José Delarra es autor de dos de los monumentos emblemáticos de Cancún. Dos monumentos, el dedicado a José Martí y el de la Historia de México, símbolos ya de la identidad cancunense.
El primero fue inaugurado el 21 de marzo de 1978 por el alcalde Alfonso Alarcón Morali, en una solemne ceremonia con la participación de los fundadores de una ciudad ya orgullosa de figurar, a escasos ocho años de su gestación, en el mapa turístico del Caribe y del mundo.
El segundo monumento, el de la Historia de México, comenzó a construirse a mediados de 1980 y fue inaugurado por el presidente José López Portillo en marzo de 1981.
En ambas obras participaron varios cancunenses como colaboradores de Pepe Delarra en diversas tareas, pero lo hicieron de manera destacada decenas de alumnos del Colegio Itzamná, institución pionera y de vanguardia en la educación privada de Cancún. Este reportero conversó con el escultor en días y noches que refulgen en la memoria sobre los temas y los personajes de su ofrenda a la historia nacional.
Pensando en Pepe Delarra y en su obra, que es la biografía esencial del artista, recordé una frase de Oscar Wilde: "El pasado es lo que el hombre no debió ser. El presente es lo que el hombre no debería ser. El futuro es lo que los artistas son". Y en las manos de Pepe Delarra, cuando empuña el cincel o el pincel, en la piedra, en el bronce, en el estuco, en el templo de su taller, subido en una tarima de cara al sol, nacen destellos de futuro.

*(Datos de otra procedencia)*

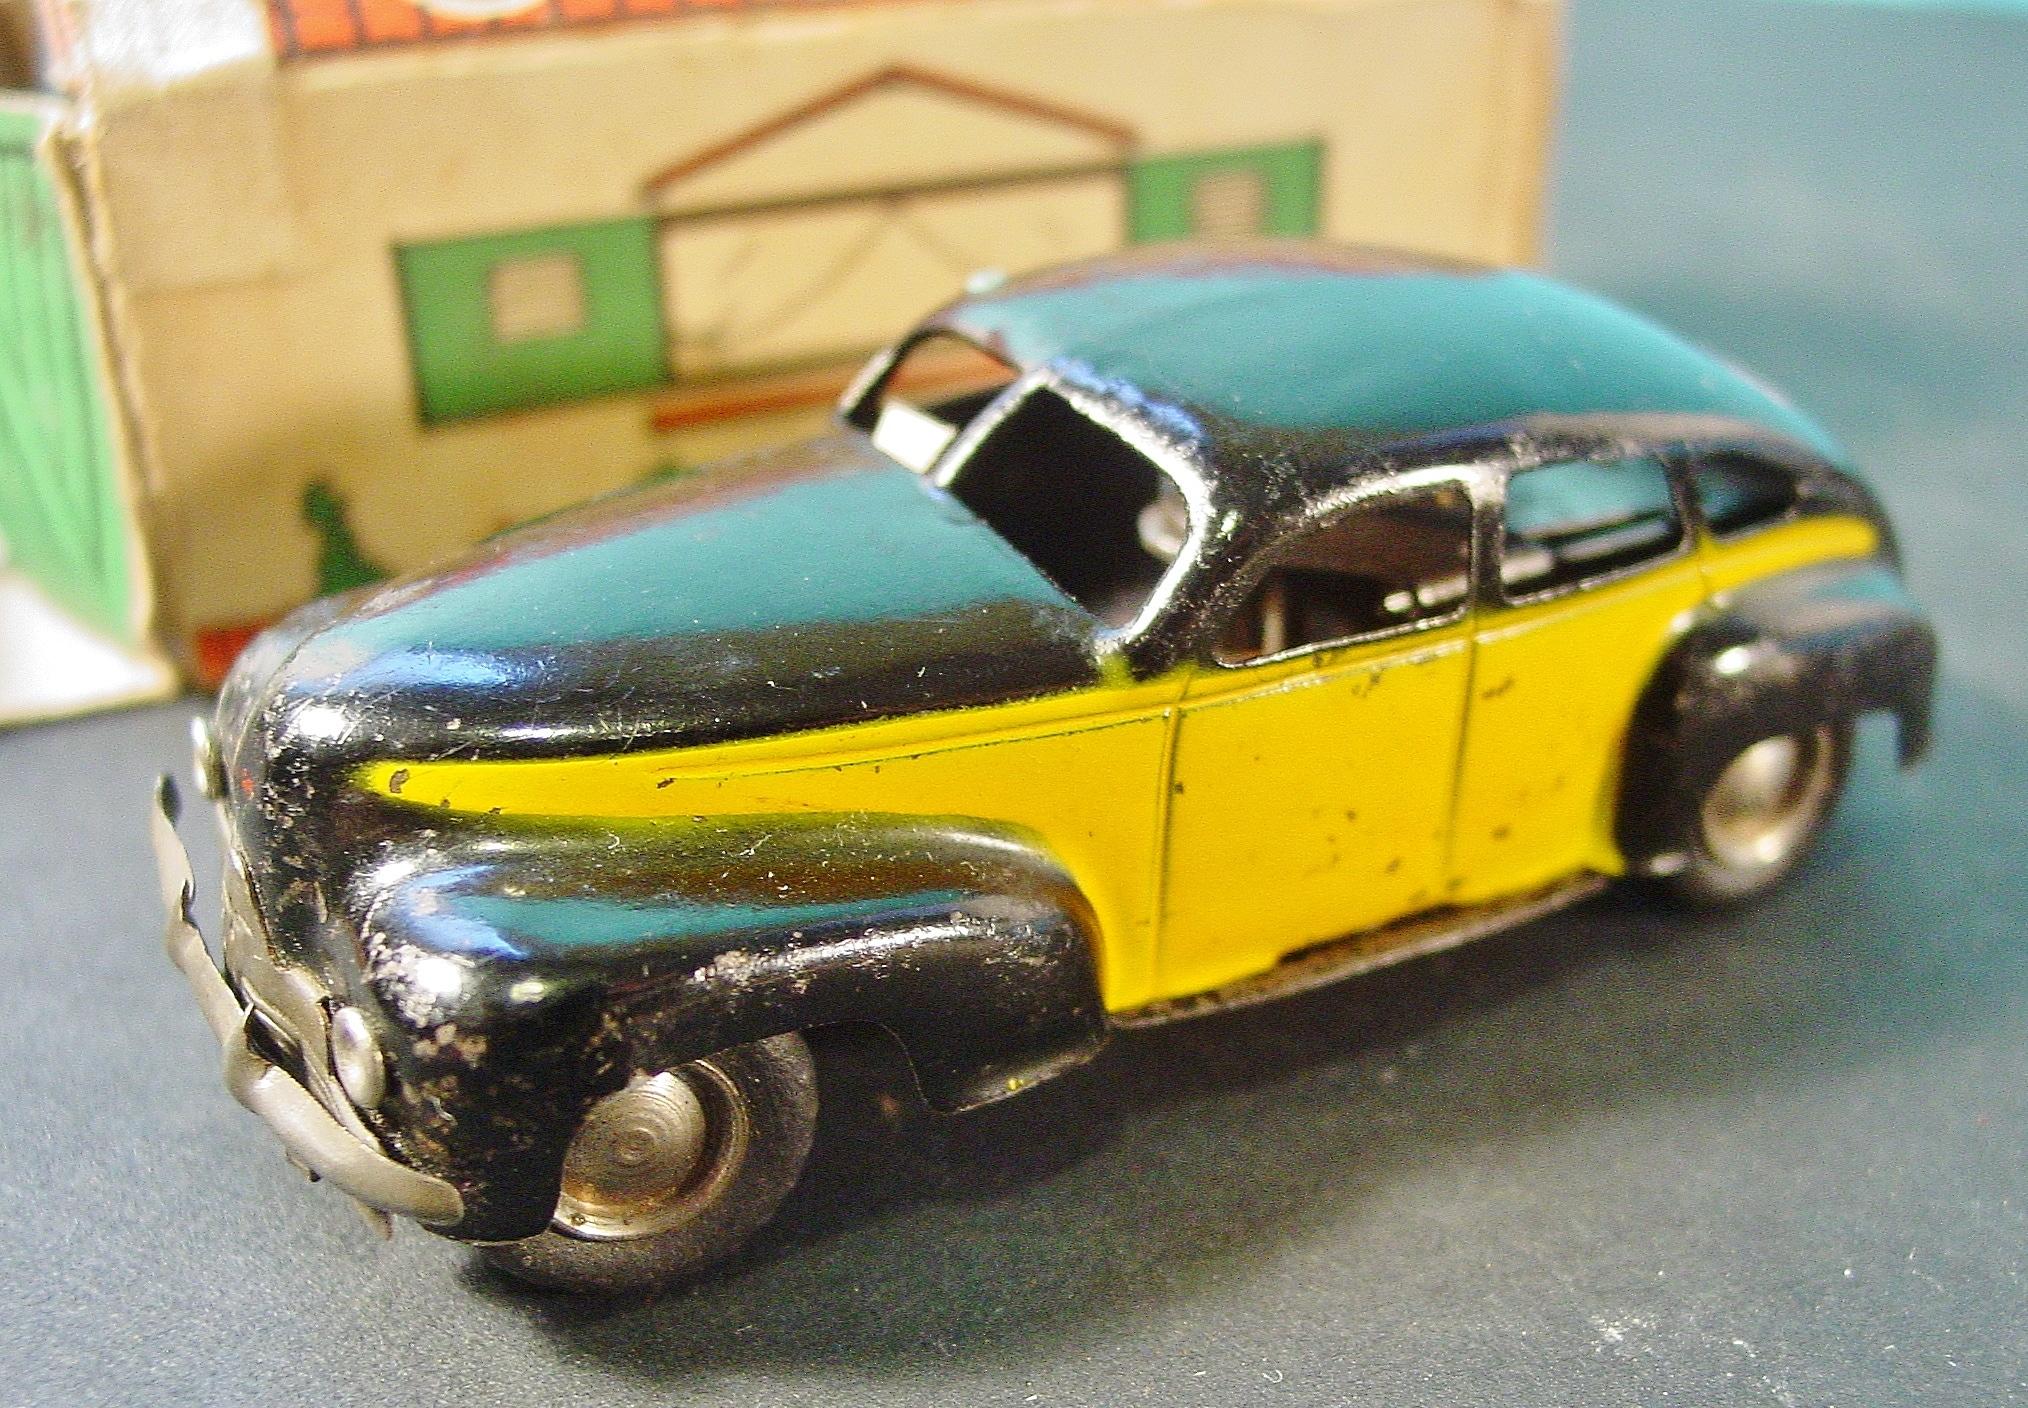 Taxi Aston Martin de Barcelona,1950. Jumsa

Pepe tiene una obra suya depositada en la luna, varias en su isla -ese largo lagarto verde sobre el mar de las Antillas, que también Caribe llaman; su huella creadora está en Angola y en otros países africanos y nos dejó a los cancunenses dos monumentos. Pepe descubrió en esta ciudad la magia de desandar los pasos de la memoria.
Delarra siempre comentó que su monumento a la Historia de México es una obra inconclusa porque la tuvo que rediseñar debido a la falta de apoyo económico para llevar a cabo el proyecto original que era más alto y más amplio en su concepción.
En las paredes de su estudio habanero colgaban fotos del Cancún de 1980 y bocetos del monumento a la Historia de México. Allí aparecen muchos niños de entonces participando entusiastas en algunas facetas de la creación artística. En esos muros de su taller ubicado en La Habana Vieja estaba un tiempo detenido con el sabor del Cancún de hace un cuarto de siglo.
Pepe Delarra falleció en La Habana a finales de agosto del 2003, sin haber recibido de Cancún el homenaje que merecía.